OK, now that you’re back, you realize that the whole thing was a hoax! But if you’re like a lot of the people who have talked to us since we posted the story, you’re wondering how we did it. I mean, we had pictures from an airplane. How could we ever have faked it?

The post was one of our most popular this month, thanks to some gullible readers!

The post was one of our most popular this month, thanks to some gullible readers!

I have to give much of the credit to Ann. She loves April first like no other, and I learned early on that no one is safe from her devious plans on April Fool’s Day. Ann considered plans for April Fool’s Day for almost a year. We shared ideas for tall tales off and on for months, discarding each before the right idea finally struck one January morning in Tulsa at an unlikely place: The Tulsa Air and Space Museum.

Meghan and Steve take a selfie in an MD-80 at the Tulsa Air and Space Museum.

Meghan and Steve take a selfie in a small jet’s cockpit at the Tulsa Air and Space Museum.

Among other amazing exhibits, Tulsa’s museum is home to a retired MD-80 aircraft that was donated by American Airlines. Part of the airplane has been turned into a unique theater which shows a movie that discusses careers within the aviation industry. It’s a great film for kids that serves to increase interest in science and aviation.

More importantly for our purposes, the seats in this “theater” are actual first class airline seats, complete with seatbelts!
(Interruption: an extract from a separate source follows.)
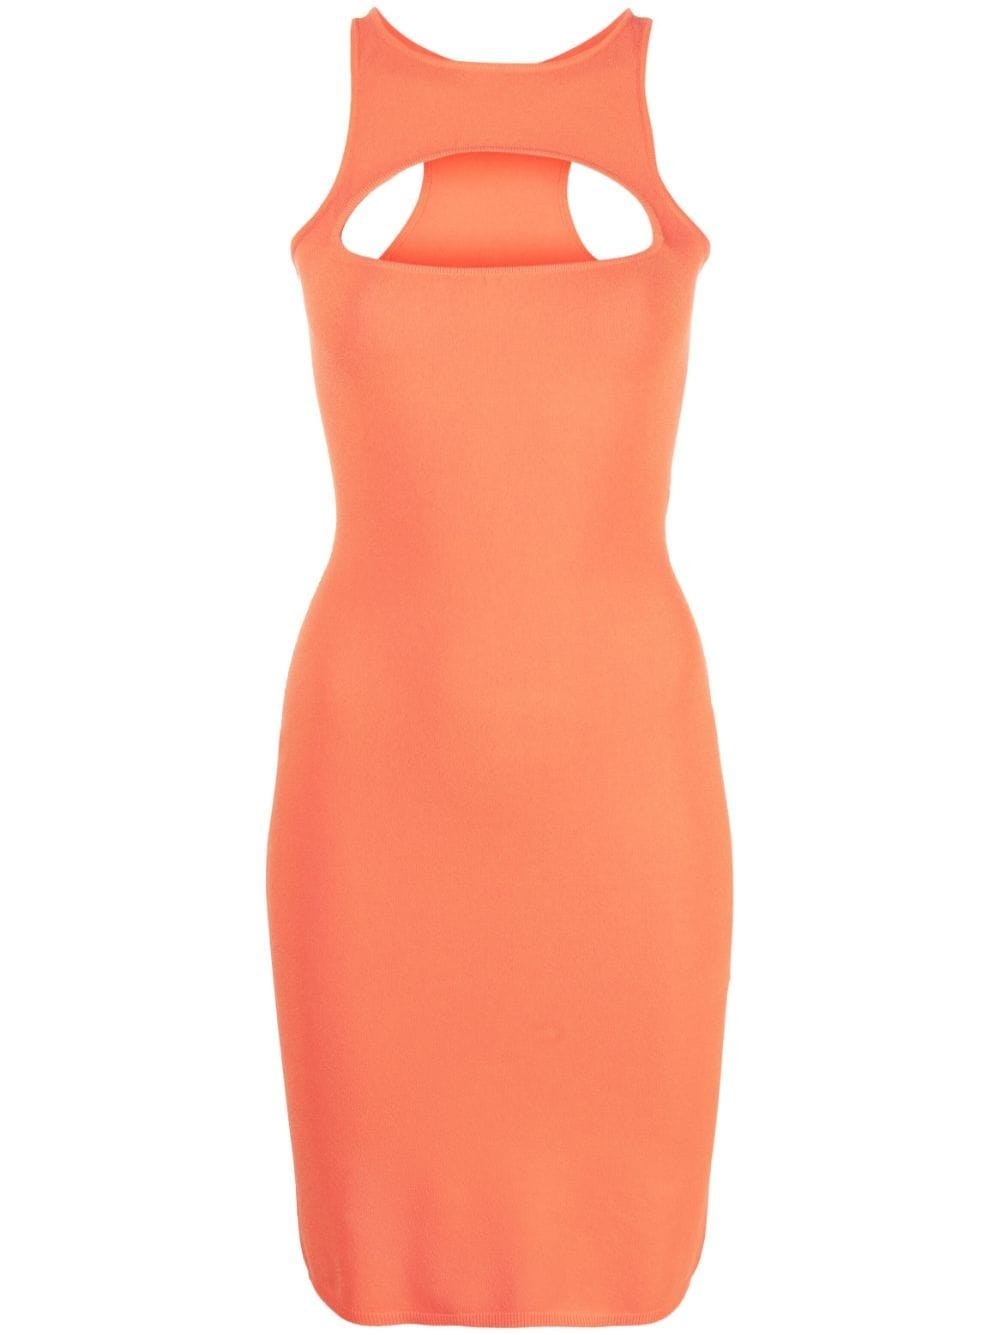 DSQUARED2 SHORT SLEEVELESS ORANGE DRESS WITH CUT-OUT DETAIL

Even better, we were there on a weekday morning when the museum just wasn’t that busy.

The seating in this theater is very comfortable, and there is plenty of legroom.

While sitting watching the movie, Ann had a moment of pure inspiration.

MD-80 theater at Tulsa Air and Space Museum, Tulsa, Oklahoma

Space between the seats in the MD-80 theater that gave Ann her inspiration.

Within three minutes, she had it all planned out. As soon as the film ended, Ann got permission for us to stay in the cabin a couple of extra minutes. Ann said, “Meghan — take off your shoe and set your foot up between the seats. Hurry.”

Foot between seats in first class.

Meghan’s foot between the seats.

To make the story even more shocking, Ann kindly asked forced Meghan to pop the sock off her foot for a great photo op, carefully cropping the shot as to not show that the rest of the plane was actually empty.

Foot between first class seats no sock.

The sock popped off the woman’s foot! Ick!

But with the docent calling, and no cup or wine nearby, we had to put our project on hold and exit the plane.

Fast forward a couple of months, and Ann and I were flying from Miami to Houston. Knowing we had to finish our story, I trimmed my fingernails and put one in a plastic bag to carry on the plane with me.

I know what you’re asking. Who does that? Apparently, I do. Pretty gross, I know, but this April Fool’s joke was just too perfect.

Once on board our flight, Ann ordered a cup of wine, drank most of it, dropped my nail in, then snapped a photo.

One of the grossest things I've ever experienced. A toe nail in my wine!

One of the grossest things I’ve ever experienced. A toe nail in my wine!

Next, she stuffed a napkin into the cup and threw it away herself. We promise that no one else ever had to touch the fingernail.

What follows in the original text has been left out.